Plume Patches
Note: Much of my attention is going to be moved to
Quill...
The browser situation on Unix, IMHO, is pathetic.
It's either
Netscape/Mozilla
or slow, buggy crud. ("Oh, and Netscape isn't?") And is Gecko going to be
a solution? I'm afraid Gecko will die of Netscape's own success. There's so
much rubbish out there that relies on Netscape's misfeatures (e.g. just
about anything made by
Cyberplex),
that for Gecko
to conform to the W3C it's either going to have to break those sites (in
which case, nobody will use it, blaming the browser instead of the source
of the excrement), or it will have to be heavily haywired
for compatibility (in which case it will be bloated, slow, buggy, and
difficult to reuse).
Opera
may one day produce an excellent Unix browser, but frankly I'm not going
to hold my breath for a
NetBSD
version.
One with great potential is
KDE's
kfm.
I say potential, because it has a few nasty bugs:
- its URI handling is sloppy (trailing slashes and %-codes are treated
very haphazardly) and
- URI resolution is bogus (failing on most of the references on this
page, which all conform to
RFC-2396)
[PS: they've handled my bug reports on that];
- its forms are broken;
- its file scheme will show index.html in place of a directory listing,
a decided lose in a File Manager (in fact this was a motivator for
my x-file scheme);
- there's no presentation of LINKs (a very rare feature, and one of the
things that drew me to Plume);
- there's no way to turn off the automatic loading of inlined images
(this seems to be a very rare feature on Unix browsers);
- there's no
override for document colours, so the user is effectively locked into
a black-on-white colour scheme because of the enormous number
of idiots using BGCOLOR alone.
So why don't I fix it myself?
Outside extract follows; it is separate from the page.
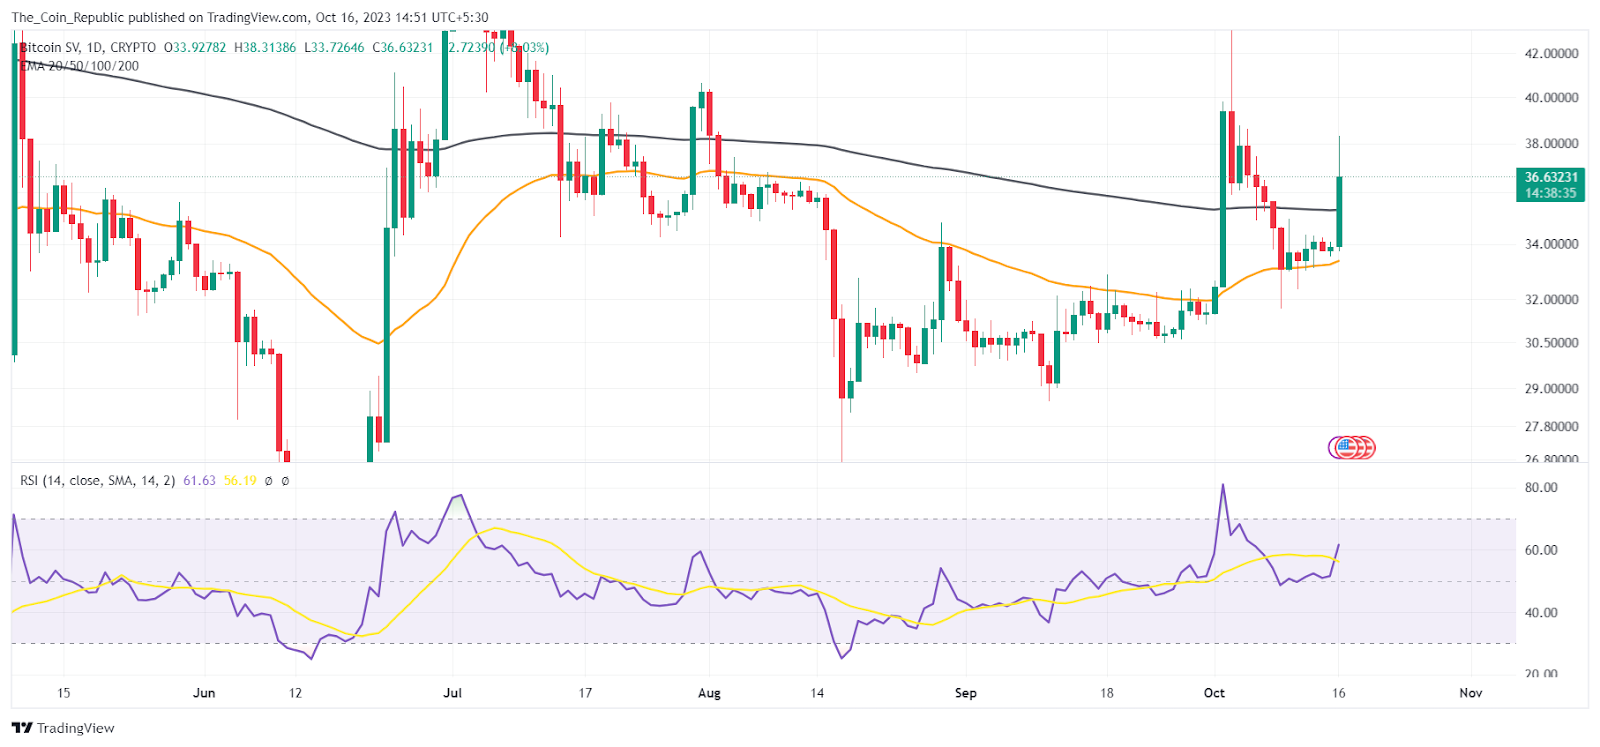 Bitcoin SV Price Rises Over 10%: Will The Bullish Rally Continue?

It's buried in something like 20 MB
of C++ source; I have no time to download and hack such a beast, and then
wrestle to get the patches accepted.
I've also tried
Arena
and
Chimera.
Arena has a decent if prototypical HTML renderer, with some CSS awareness;
but it tends to crash and Arena's toolbar is a bogosity.
Chimera is actually surprisingly good, all things considered;
it managed to be my main browser on NetBSD/Amiga. It even has the
option to turn off automatic inline loading. But, it too tended to crash
(although not excruciatingly often) and, being written in C, there's
a painful tweak-compile-tweak-compile cycle.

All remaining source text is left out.